As stocks and bonds tumble from the Dow to the DAX, investors are scrambling for fireproof assets-and for many market watchers, the refuge of choice right now is gold. The ancient hedge for troubling economic times has soared since the economic collapse of 2008, spiking 23 percent just since January. By this week the price of an ounce of gold was close to $1,800, a nearly sevenfold increase over 2001.
But in the stampede to safety, fortune hunters are leaving behind a heavy footprint. The story is the same across the developing world: Fueled by market buzz, miners wielding picks, pans, and dredging machines are heading to locations as far-flung as the Australian outback and the Nigerian jungle. On Indonesia's Paradise Island, hundreds of illegal claims have sprung up in the last three years, digging up the storied mountains behind the famed tourist resorts.
Yet nowhere has the impact been greater than in Latin America, which is blessed-and cursed-by some of the richest veins of mineral ore in the world. The post-crisis gold rush is on fire in some of the remotest stretches of the American tropics, and once again it comes with the snarling of chain saws, infectious disease, and a whiff of cordite. "Every time there's a significant rise in gold prices, marginal gold mines spring back to life in the remotest regions," says Marcio Santilli, who works for a Brazilian indigenous-rights group, Instituto Socioambiental. "That often means trouble."

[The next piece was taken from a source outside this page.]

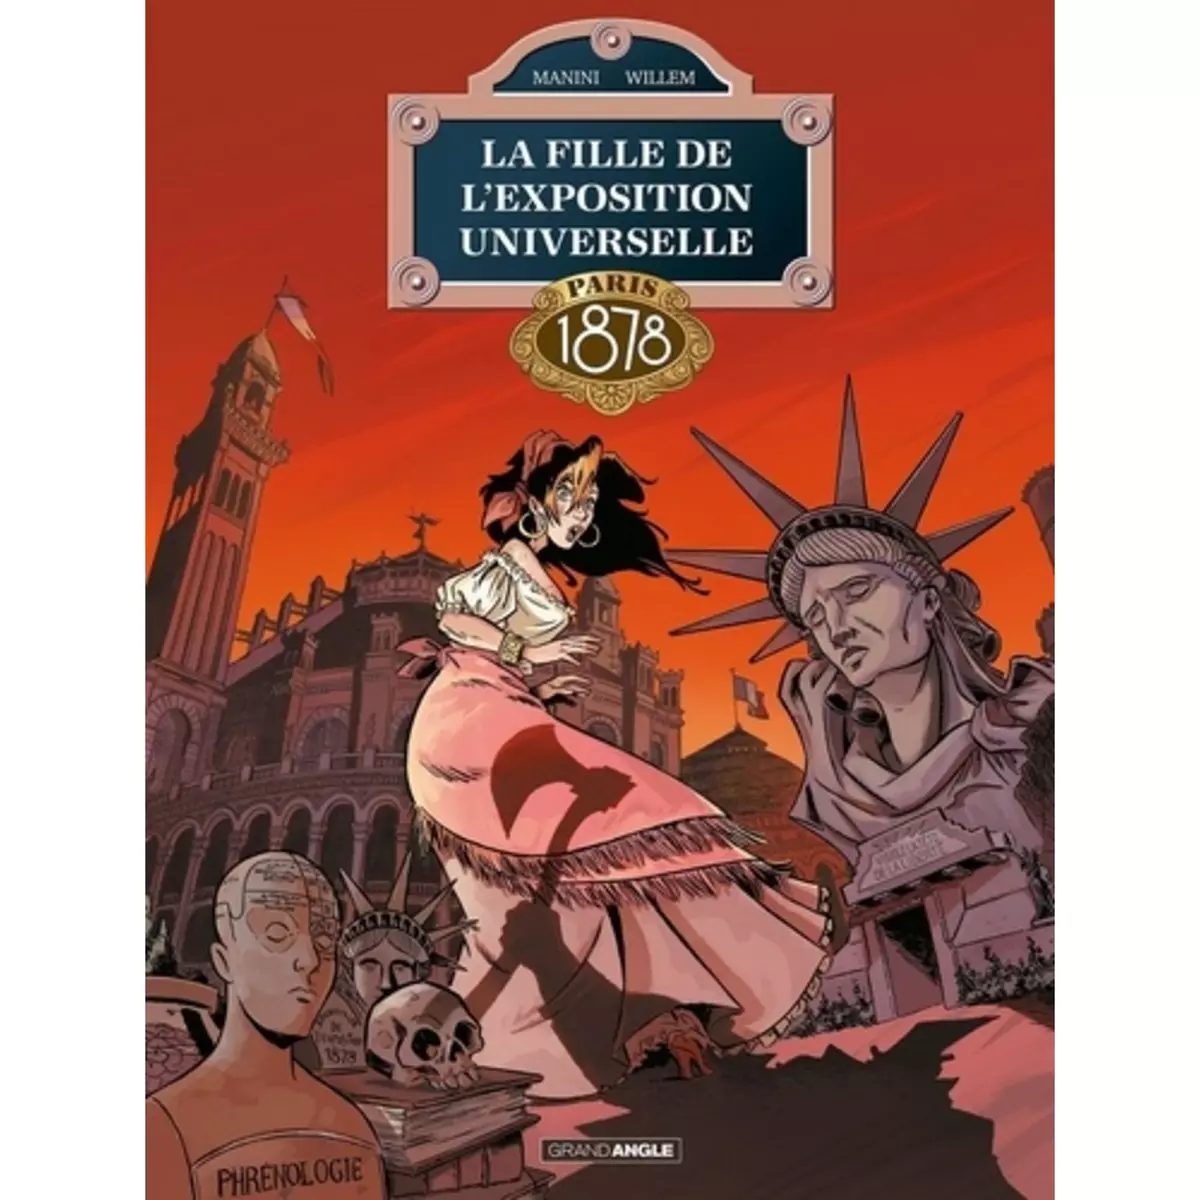  LA FILLE DE L'EXPOSITION UNIVERSELLE TOME 3 : PARIS 1878, Manini Jack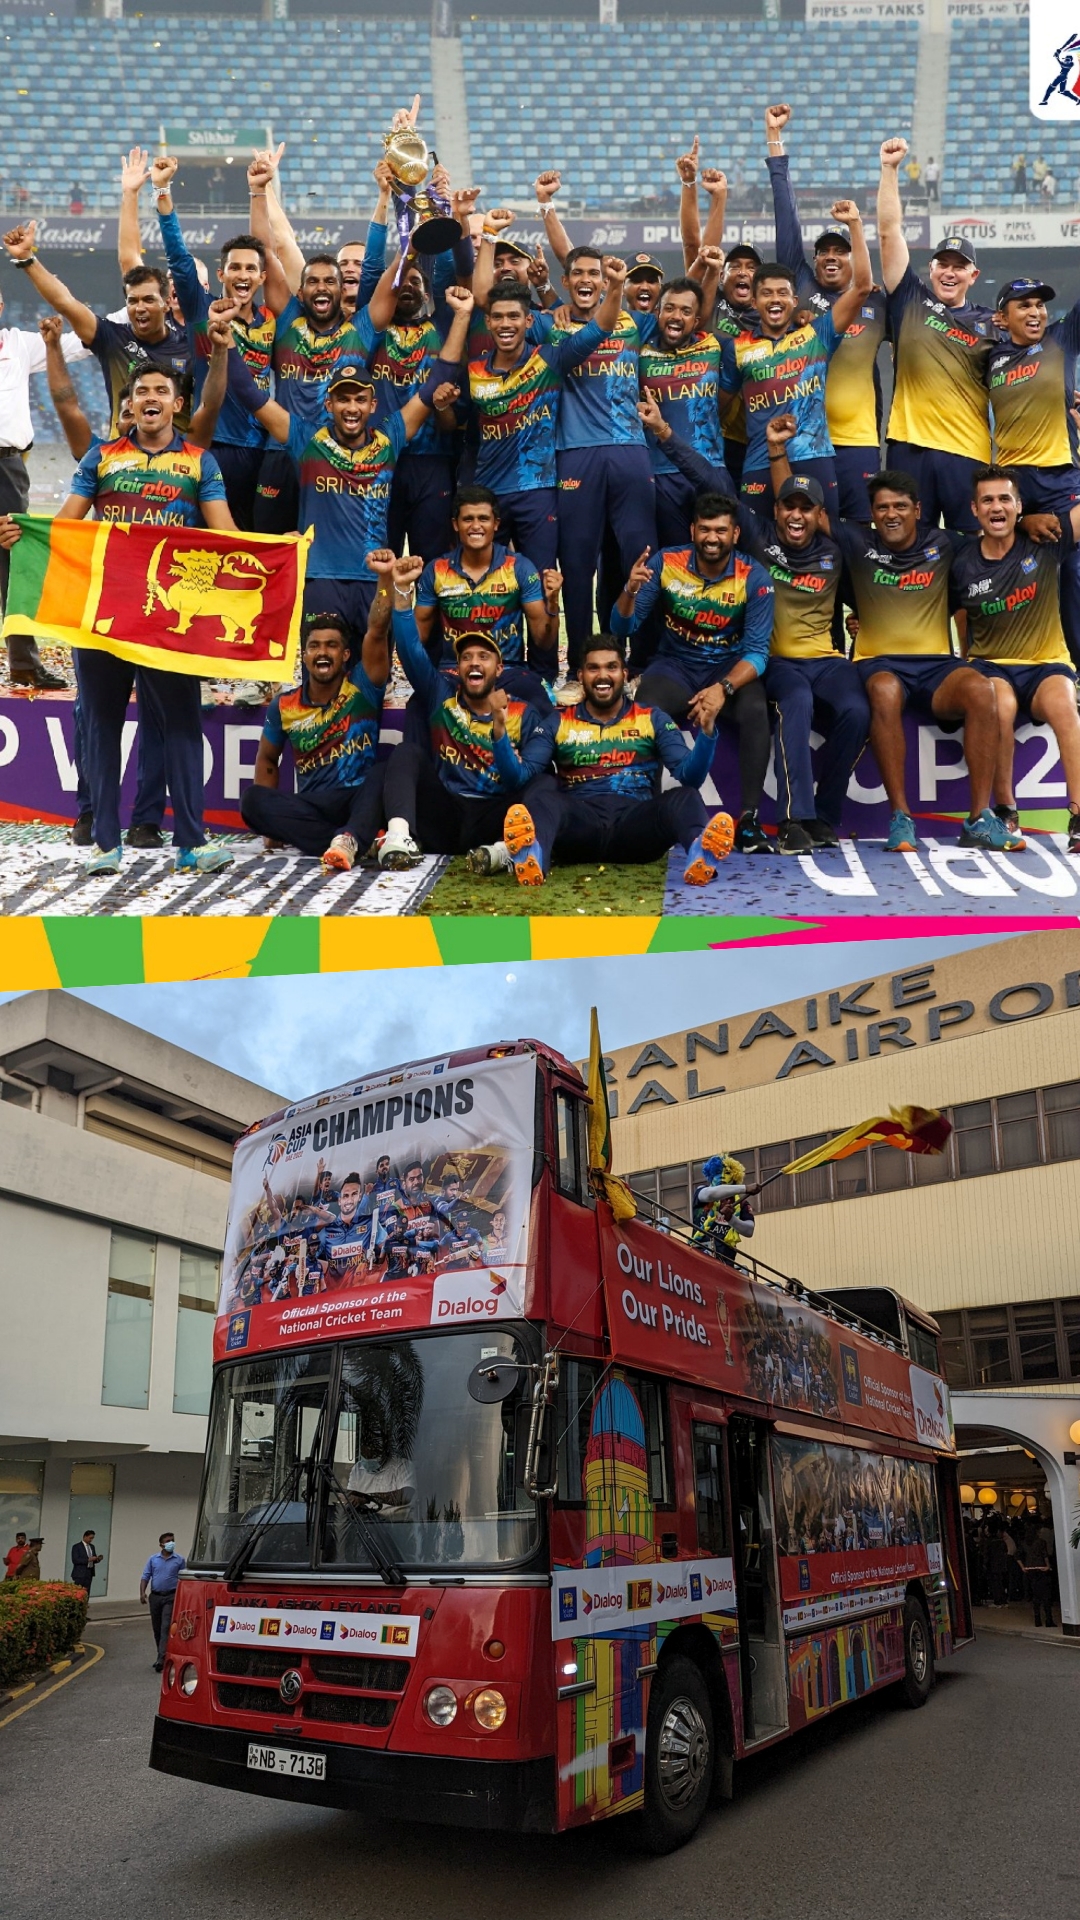 श्रीलंका ने मनाया Asia Cup जीत का जोरदार जश्न, देखें तस्वीरें

Ten years ago, with the easy alluvial gold all but gone and ore prices sagging, most wildcat miners had quit the jungle camps for the cities, trying their luck with odd jobs in the urban slums of Boa Vista, Cuzco, Manaus, Porto Velho, and Quito. But with ore prices up nearly 50 percent in value over the last 12 months, gold fever has swept the rainforest again. "What brings gold mining back to life is cheaper fuel and high prices for gold, and that's exactly what we have right now," says Luciano Borges, an economist who advises Brazilian mining companies. In Colombia, Ecuador, Guyana, Brazil, and especially Peru, miners are on the move, scraping away forests, rifling the soil, and turning over streambeds for specks of gold.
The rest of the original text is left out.